*** Opening Recorded information ***

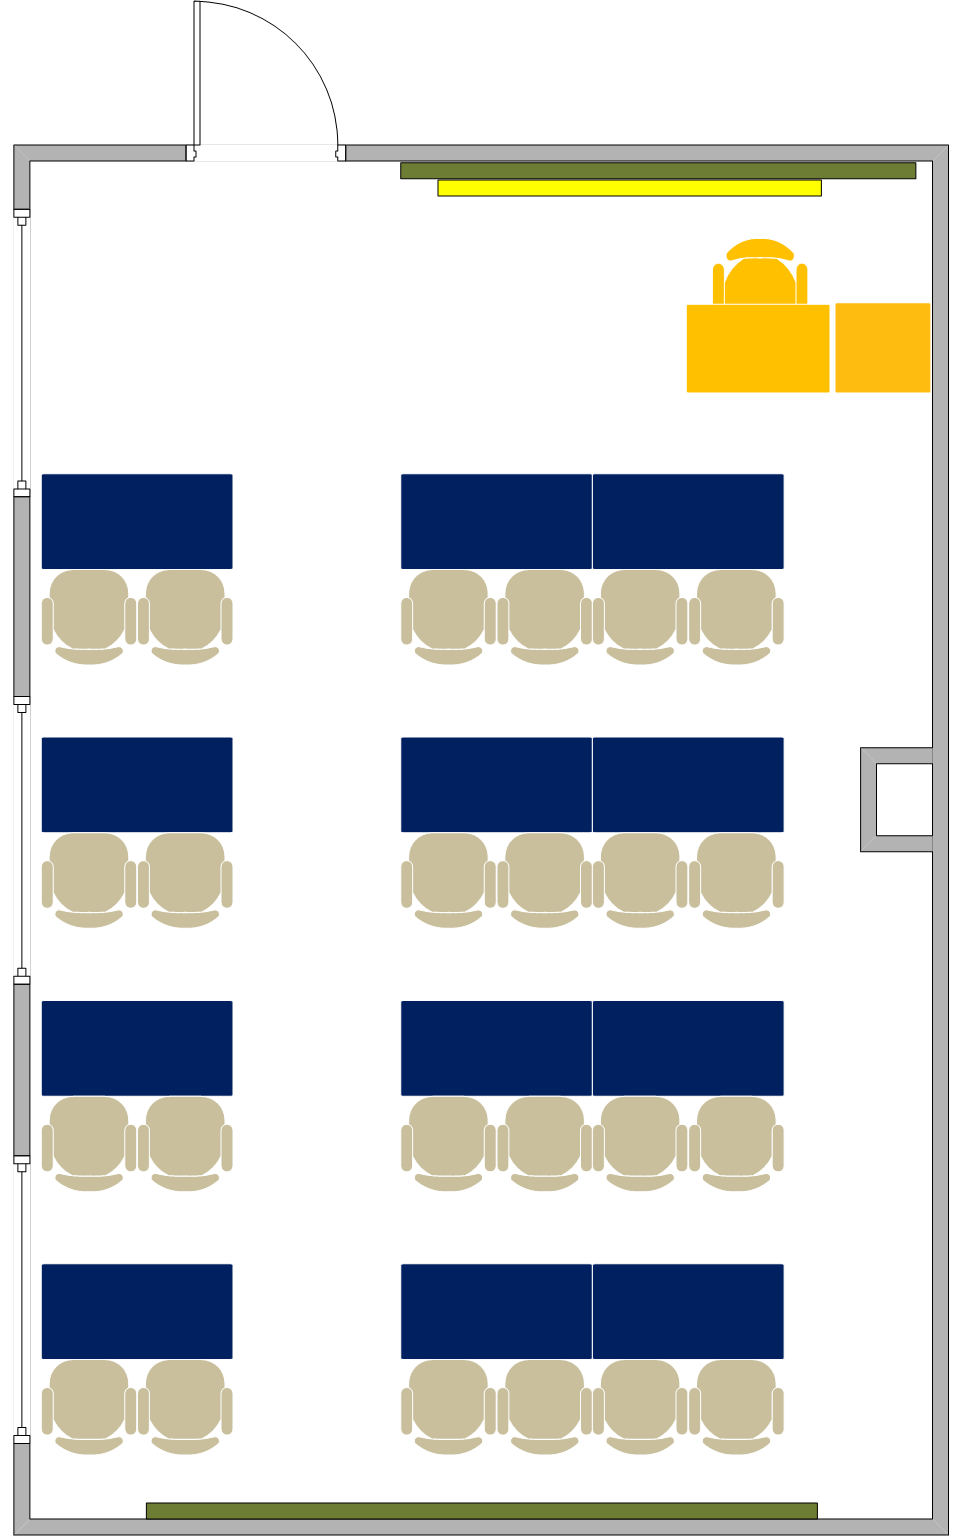 Humanities And Social Sciences Building - 4201 Seating Chart
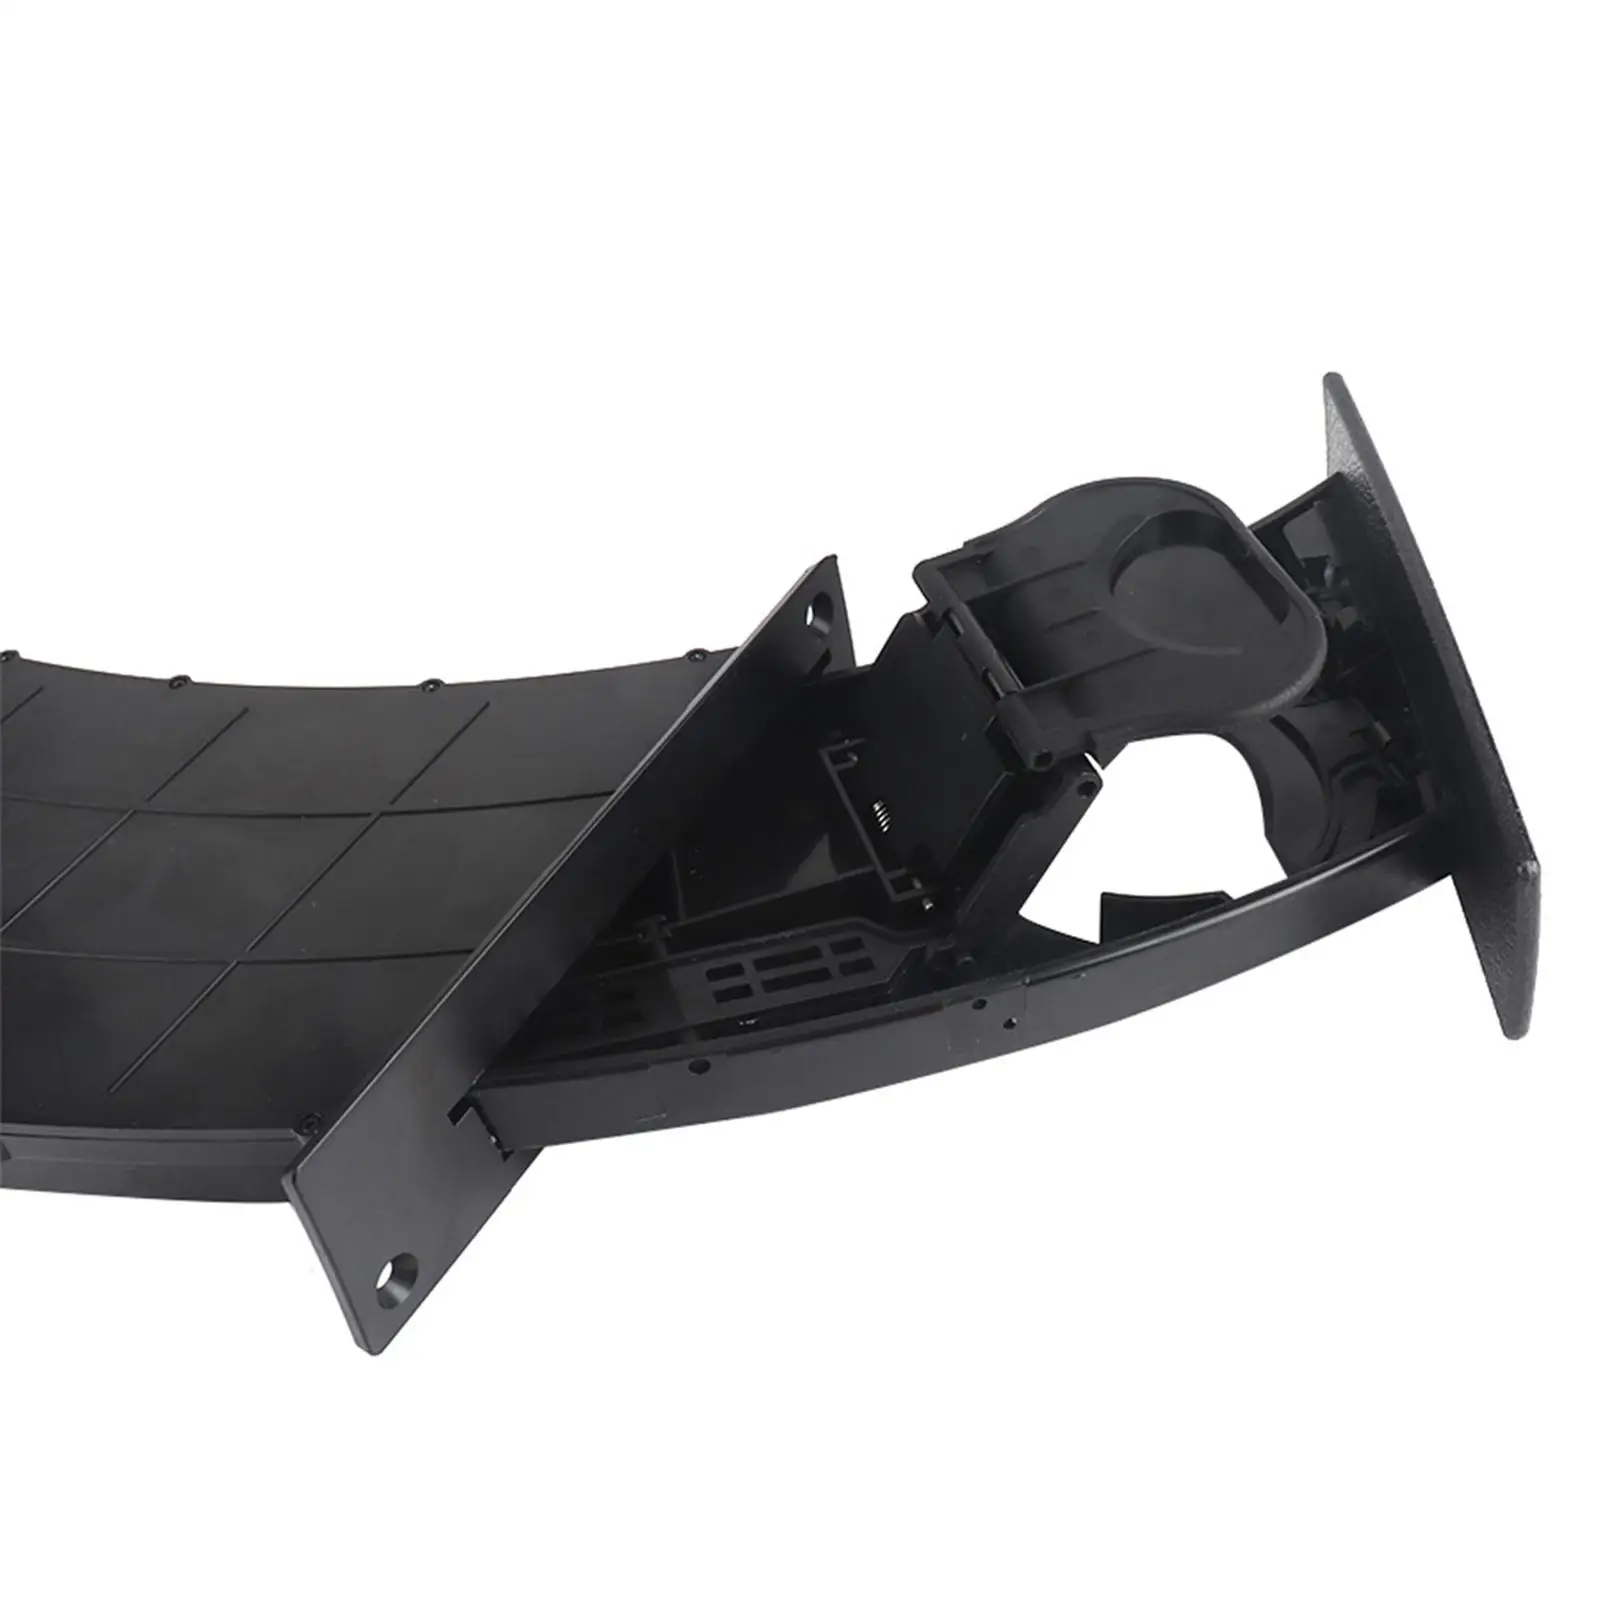 Vehicle Left Side Dashboard Cup Holder 51459125622 Uro009752 Retractable for BMW 525i 545i 535i 535Xi 528Xi
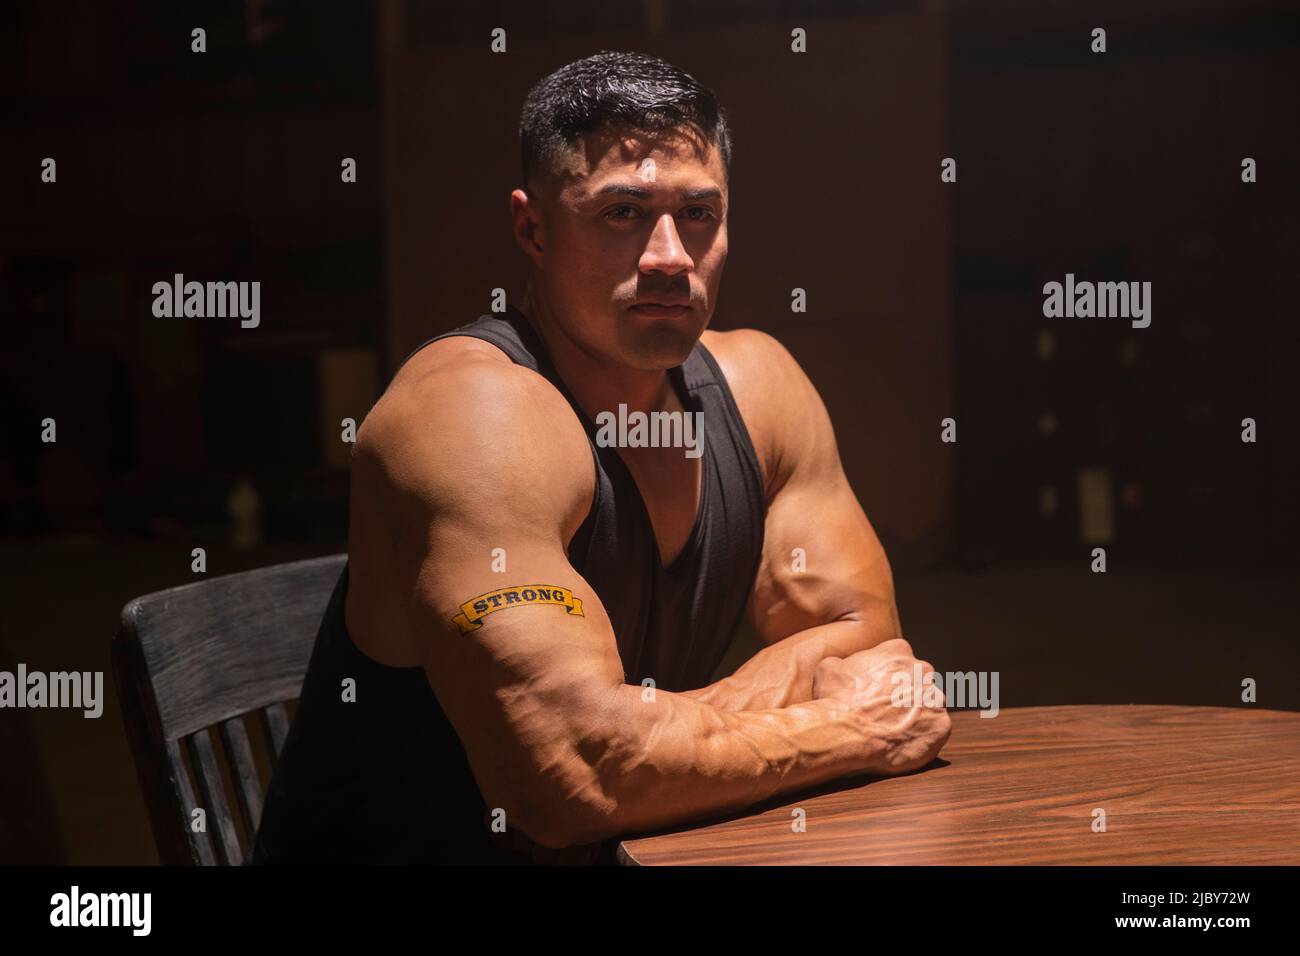 Muscular Hispanic man wearing tank top with “Strong” tattoo on his
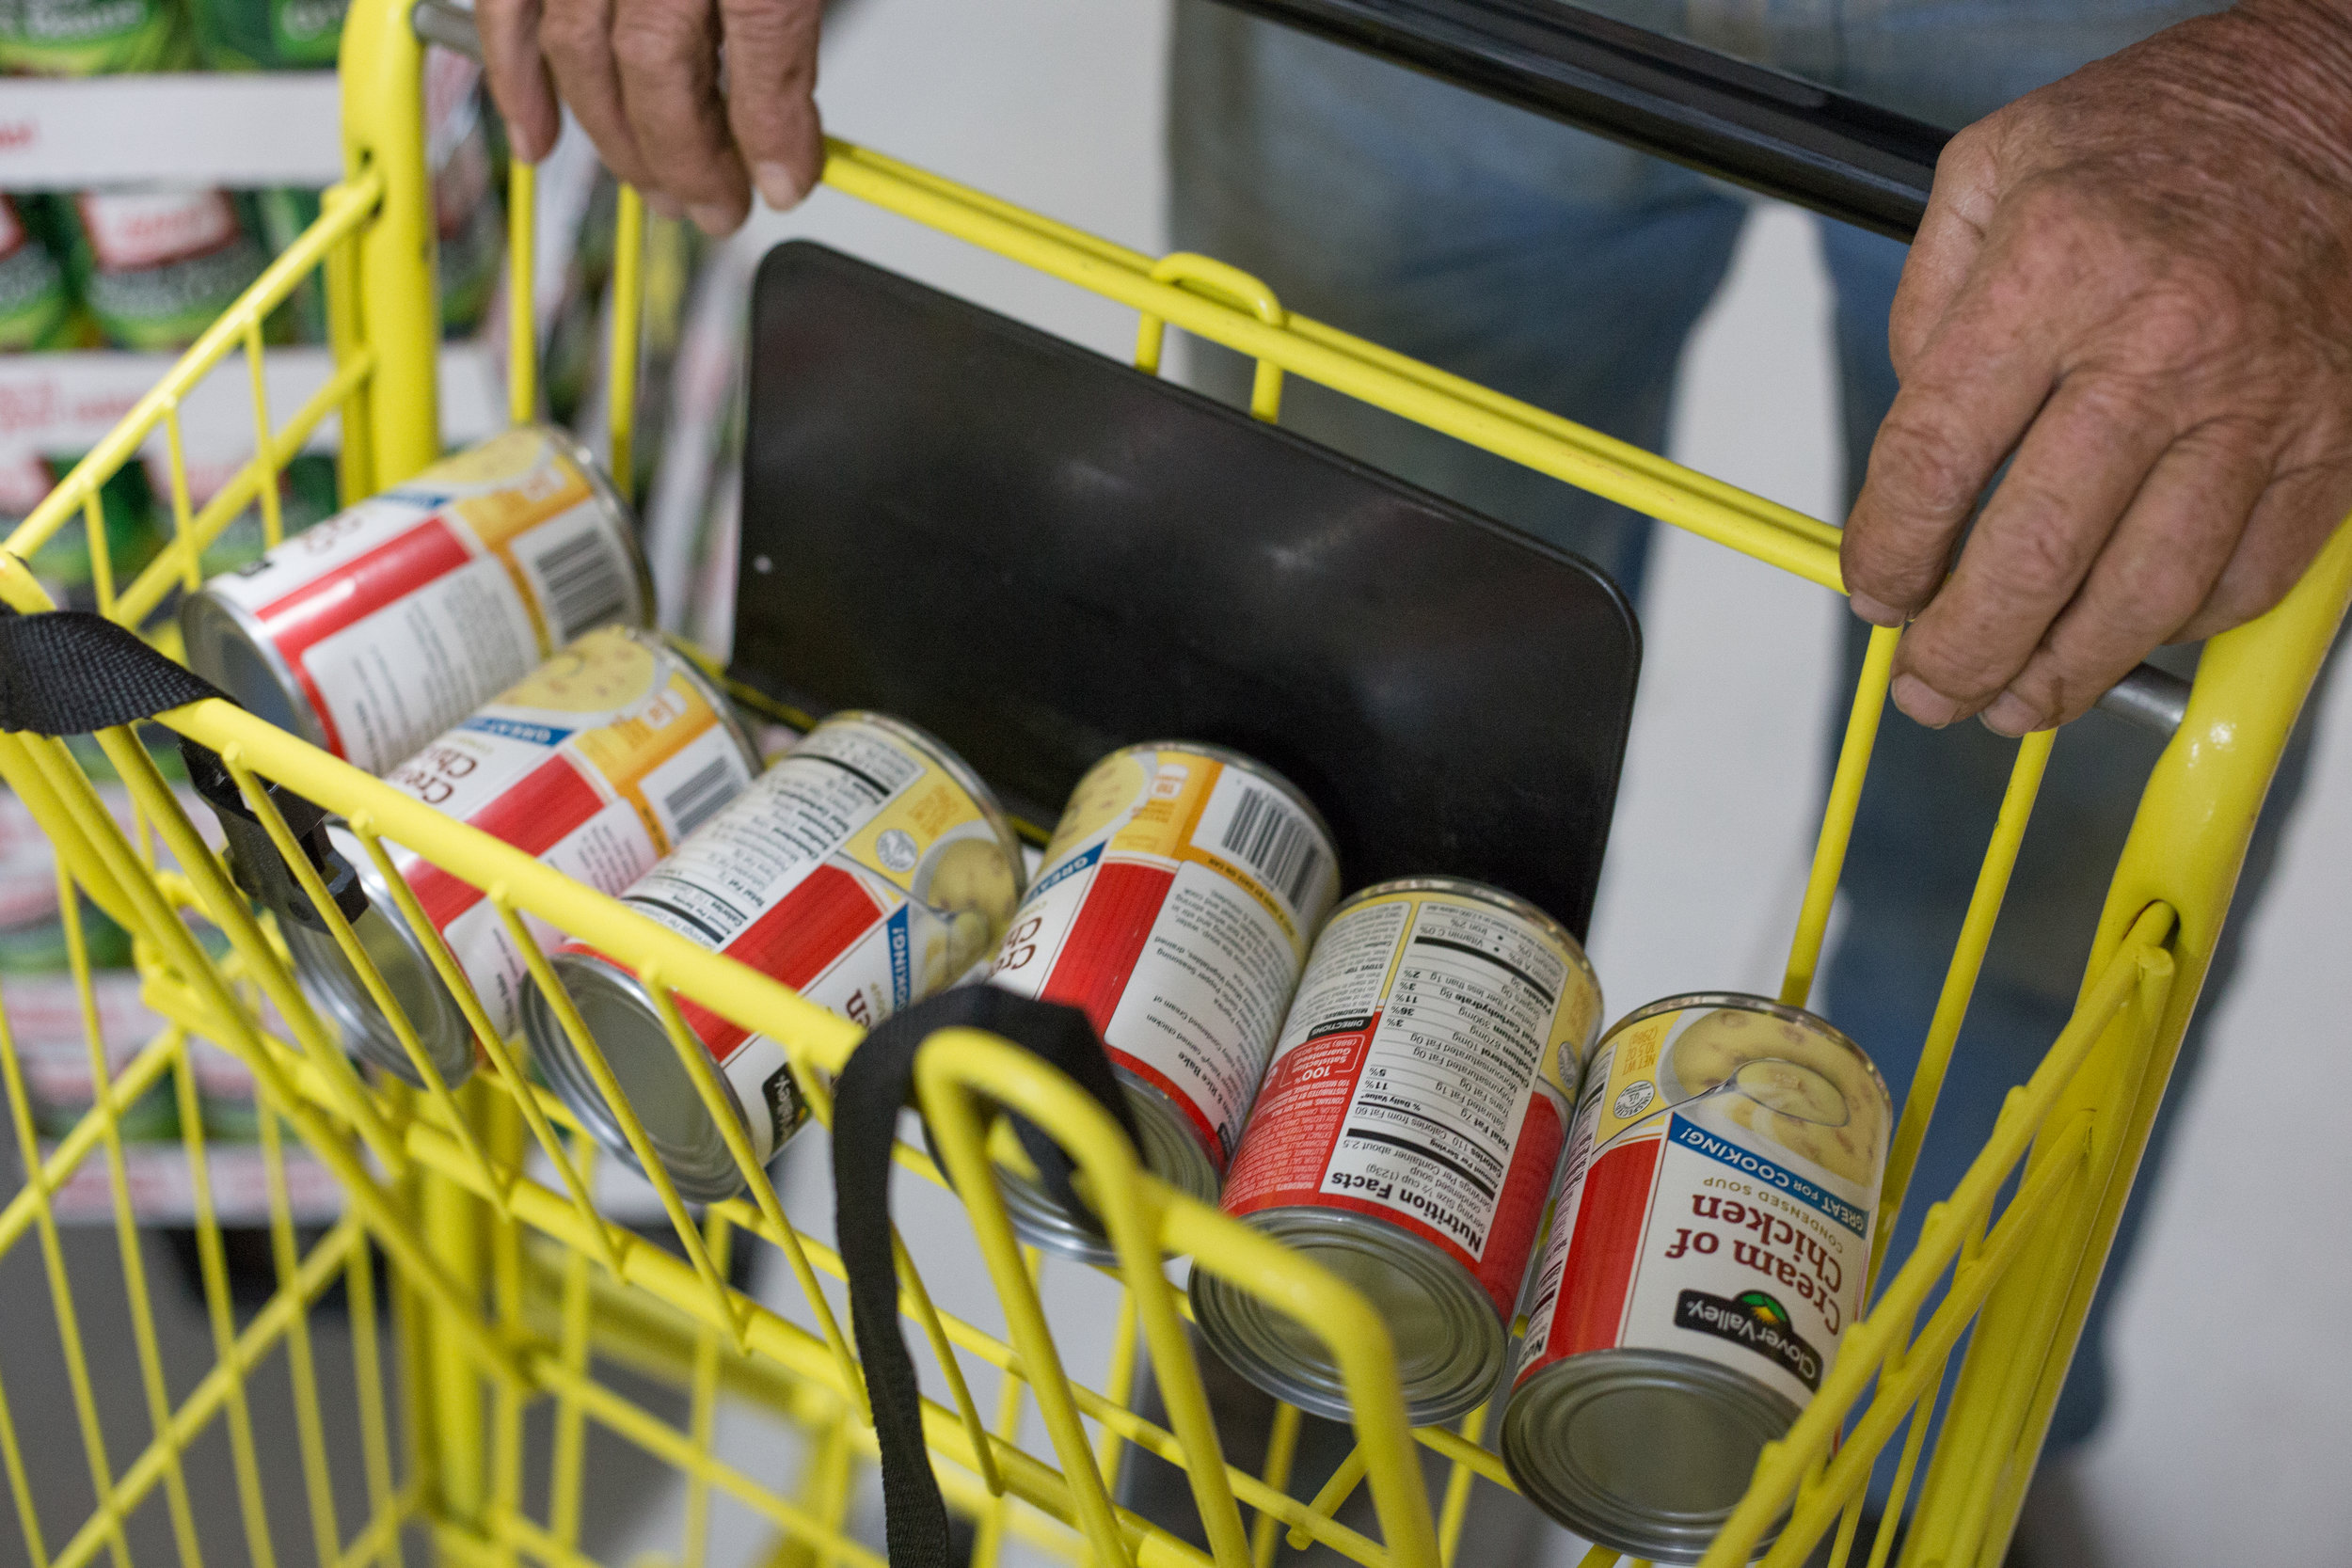  George Beaty of Evensville, Tenn. fills his shopping cart with cream of chicken soup for his neighbor who was not feeling well at Dollar General in Evensville, Tenn. Thursday, Nov. 16 2017. Store manager Justin Ray said that although the store does

*** Closing Recorded information ***

What the task requires:
Only exact repeats of the lines from the one containing "Muscular Hispanic man" through the end of the listing above are wanted here; pictures are not.

Exercise result:
 Muscular Hispanic man wearing tank top with “Strong” tattoo on his
  George Beaty of Evensville, Tenn. fills his shopping cart with cream of chicken soup for his neighbor who was not feeling well at Dollar General in Evensville, Tenn. Thursday, Nov. 16 2017. Store manager Justin Ray said that although the store does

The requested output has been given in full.